Patience and persistence are paying off for a young Auburn boys basketball team learning how to pull out close wins.
That was evident Friday night when the Trojans stumbled out of the gate, regained their step and eventually found their shooting touch to survive a hard-fought game against their neighbors from the south.
Auburn went on a 17-6 run in the final five minutes to take a 62-53 North Puget Sound League Olympic Division road win against Auburn Riverside.
“We always fight through adversity, and we never give up,” said 6-foot-5 senior forward Isaiah Dunn, who led the Trojans with 17 points and 14 rebounds. “We’re always looking to push the ball and looking to win all the time.

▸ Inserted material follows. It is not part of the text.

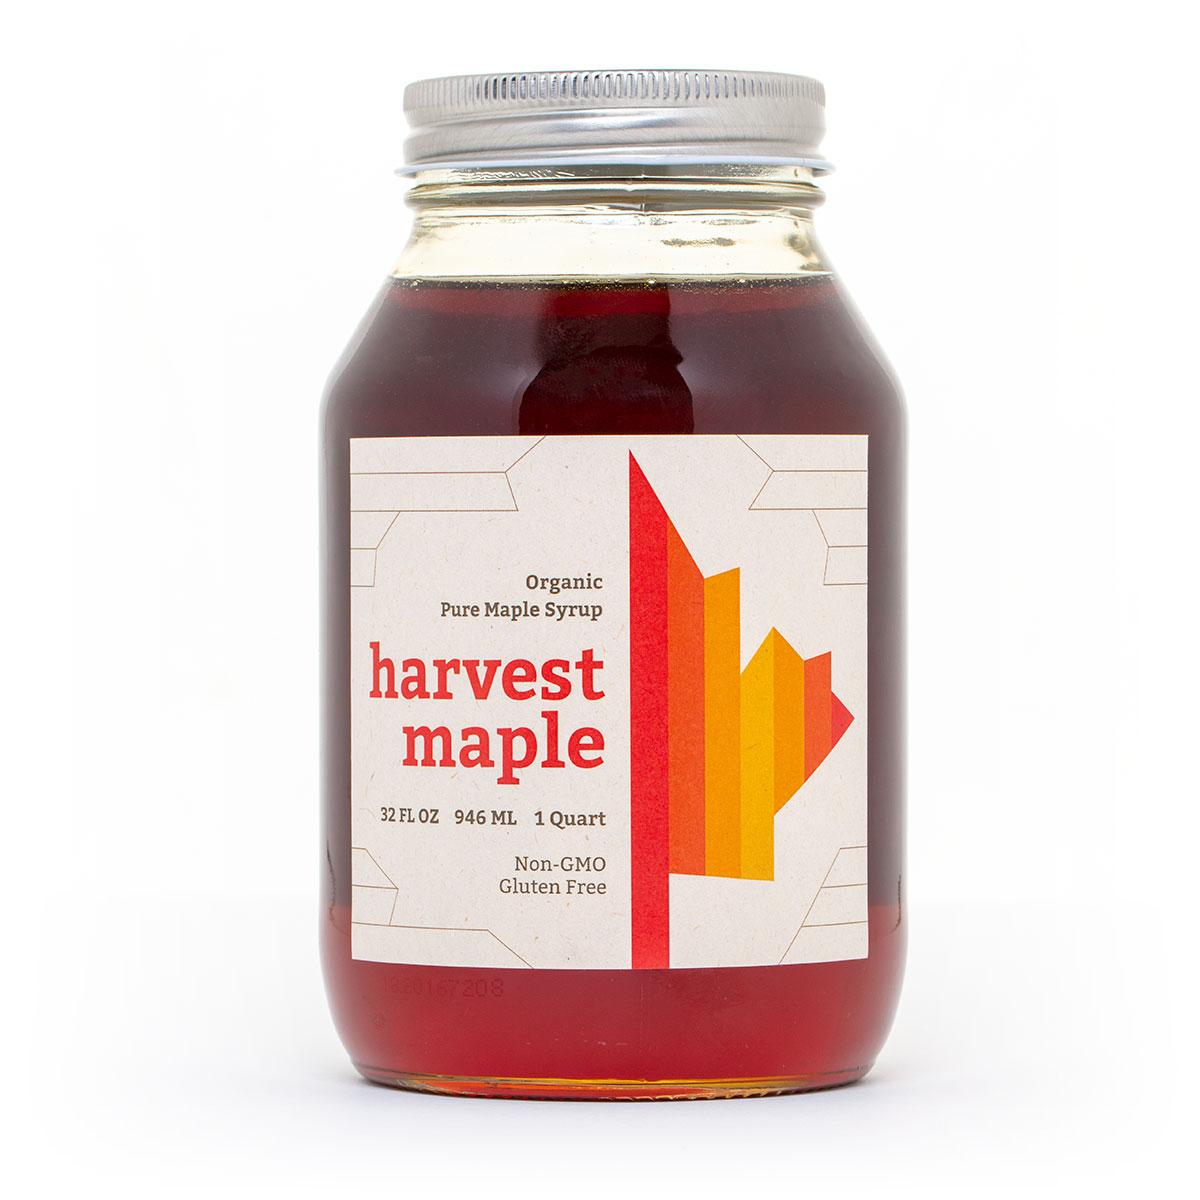 Harvest Maple Organic Maple Syrup - Quart

“We’re a pretty good shooting team,” he added. “We’ve been off the last couple of games, but we can do other things. We have all types of players. We’re pretty deep.”

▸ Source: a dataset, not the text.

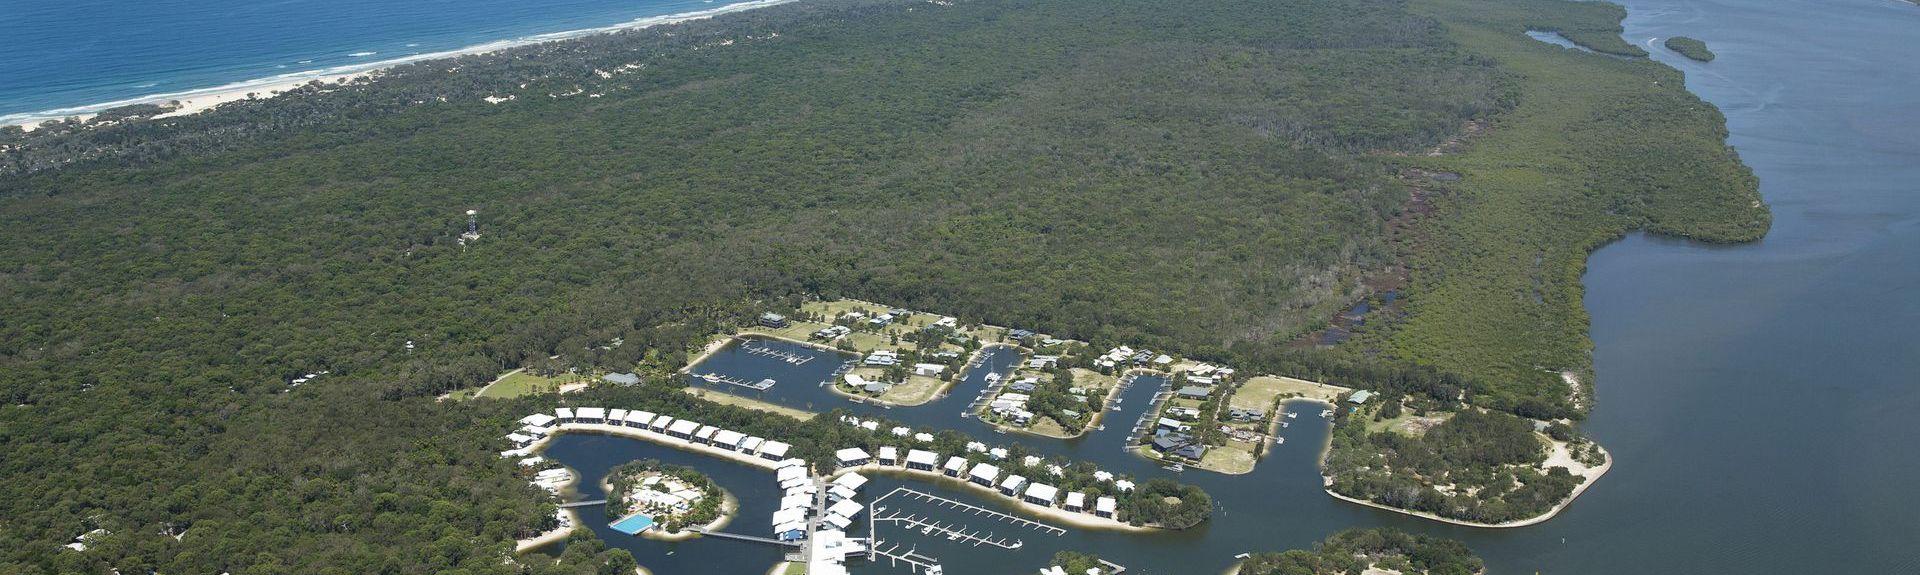 Russell Island QLD, Australia

The Trojans (11-3 division, 16-4 overall) secured the Olympic No. 2 spot for next Saturday’s league playoffs, where they will play Mount Rainier (14-6), the NPSL Cascade No. 2 qualifier, for the Nos. 3 and 4 seeds to the West Central/Southwest District tournament. Tipoff is 4 p.m. at Enumclaw High School.
Auburn beat Mount Rainier 63-59 back on Jan. 2.

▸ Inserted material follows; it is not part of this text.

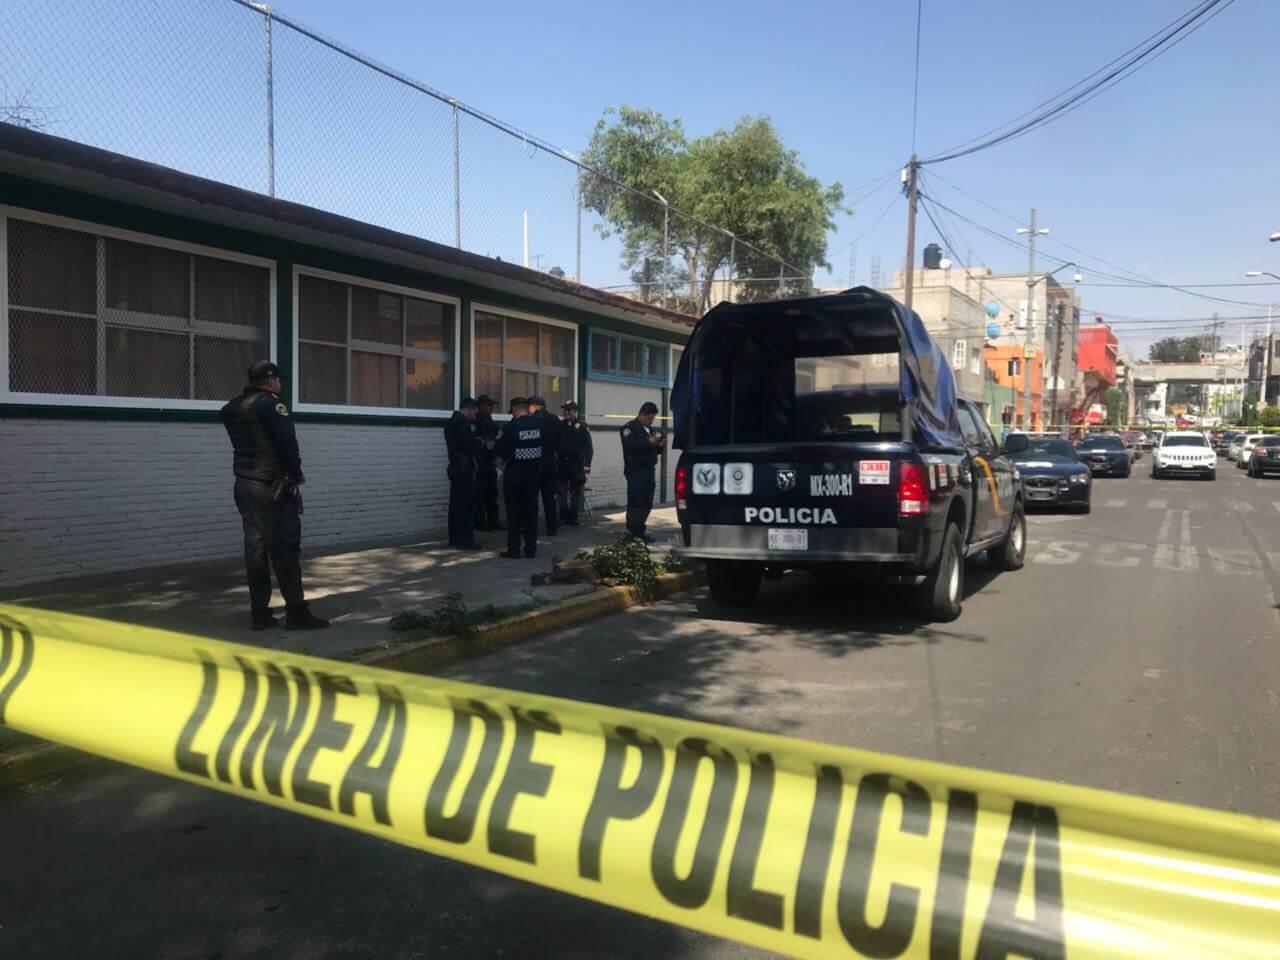 Mueren 3 en tiroteo por presunta venganza en Iztapalapa

The Trojans also earned a home district playoff game on Feb. 7.
Auburn Riverside finished its season 3-11 and 5-15.
Facing a stout zone defense, Auburn misfired early and often. It wasn’t until more than five minutes went by when the Trojans scored their first points, a Dae’Kwon Watson 3-pointer.
The Ravens had a seven-point lead early in the second quarter before the Trojans pulled even and seized the lead 32-30 on Dunn’s putback basket at the halftime horn.
The game remained tight in the third quarter, which ended on freshman Kaden Lewis’ 30-footer that beat the buzzer for a 43-40 Auburn lead after 24 minutes of play.
Lewis’ trey from the wing put Auburn in front for good at 48-47, with 5:06 left on the clock.
Jayden Taylor’s jumper got the Ravens to within 53-51, but Amar Rivers, a sophomore, drained a deep trey and freshman Maleek Arington sank a pair of free throws.
With Auburn up 58-53, Rivers hit the first of two free throws, but Dunn grabbed his teammate’s miss on the second attempt and scored to seal the win.
The Trojans had trouble producing points against the Ravens’ zone but kept at it.
“We talked about staying the course and not getting impatient,” said Auburn coach Ryan Hansen. “Early on we were tentative against the zone. … We did a better job as the game went on in attacking gaps, drawing defenders and making the extra pass.
“We’ve got some kids who can really shoot the ball,” Hansen said. “We got some good rhythm shots that we were able to knock down.”
Watson buried five 3-pointers, finishing with 15 points and the soreness that comes from taking a hard fall to the floor midway in the third quarter. Lewis had 10 points and Rivers scored nine.
Dunn, the primary target for defenses, struggled underneath but managed to make some timely shots and avoid foul trouble. Dunn’s work also put three of his defenders in foul trouble.
“I was proud of him,” Hansen said of the Trojans’ big man. “He really stuck with it. He never really got too frustrated.”
Dunn added: “I just keep my head up and I know that sooner than later, if you keep working harder than everyone else, you’re going to come up victorious.”
Julius Cain scored 16 points, nine of which came in the first quarter, for the Ravens. Cole Lenihan had 11 points, and Dan Ramirez, the lone senior playing in his last game for the Ravens, finished with nine points.
“I like the fact we didn’t quit. We battled,” said Ravens coach Kevin Olson. “We knew we couldn’t make the playoffs, but we still gave a good game. We played well at the start … we just didn’t get it done.”
Olson returns a young bunch for next season.
“That would be the hope is that we will come back next year, build off the guys we have coming back and do a little better,” Olson said.